Friday, November 02, 2007

Depressed People Move in a Mathematically Different Way

In this week's Physical Review Letters, Yoshiharu Yamamoto of the University of Tokyo and his colleagues explain how the movements of people suffering from clinical depression can be described by a power law—and how this law is so different from that of healthy people that it looks truly diagnostic.

Like many mathematical functions, a power law plots two variables against each other to form a characteristic curve on a graph. Dr Yamamoto collected the data for his own particular power-law curves by fitting his experimental subjects—about half of whom were healthy, and half of whom had been diagnosed as having clinical (or “major”) depression—with accelerometers. These devices measure how often someone changes his rate of movement by recording each time his acceleration exceeds a certain threshold.

The basic results confirmed a known feature of depressed people.
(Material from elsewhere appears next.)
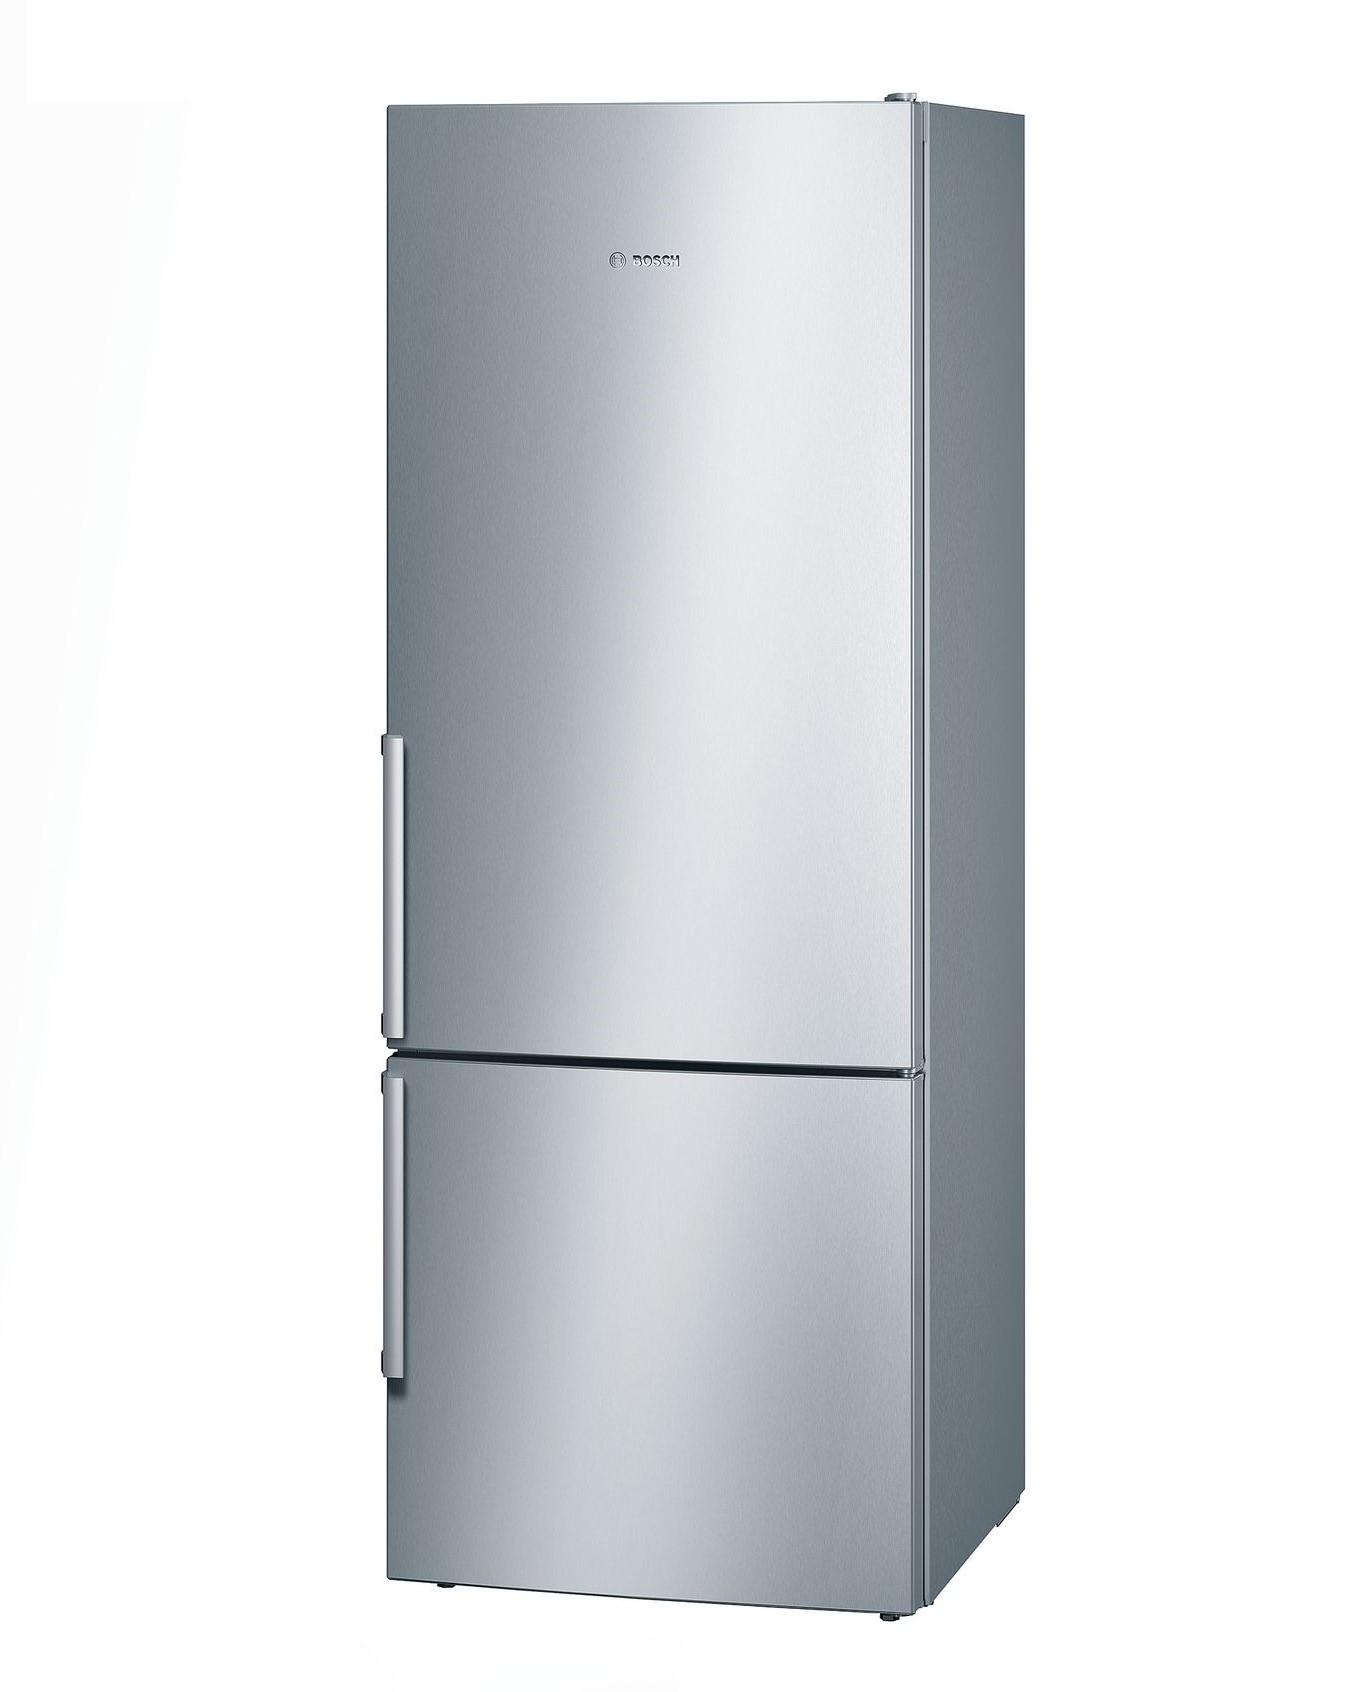 Bosch Serie | 8 free-standing fridge-freezer with freezer at bottom Stainless steel (with anti-fingerprint) KGN57PI20U

The normal daily rhythm that would lead to a high, steady number of counts during daylight hours and low counts during the night was replaced by occasional bursts of activity. The surprise came when the team started plotting their results out on graphs.

The curves produced by plotting the lengths of low-activity periods against their frequency were strikingly different in healthy and depressed people. This reflects not inactivity by the depressed (though they were, indeed, less active) but a difference in the way that the healthy and the depressed spread their resting periods over the day. Depressed people experience longer resting periods more frequently and shorter ones less frequently than healthy people do.
Interesting. Raises the possibility of creating a shirt or a watch with a built in accelerometer that could diagnose depression right as it begins.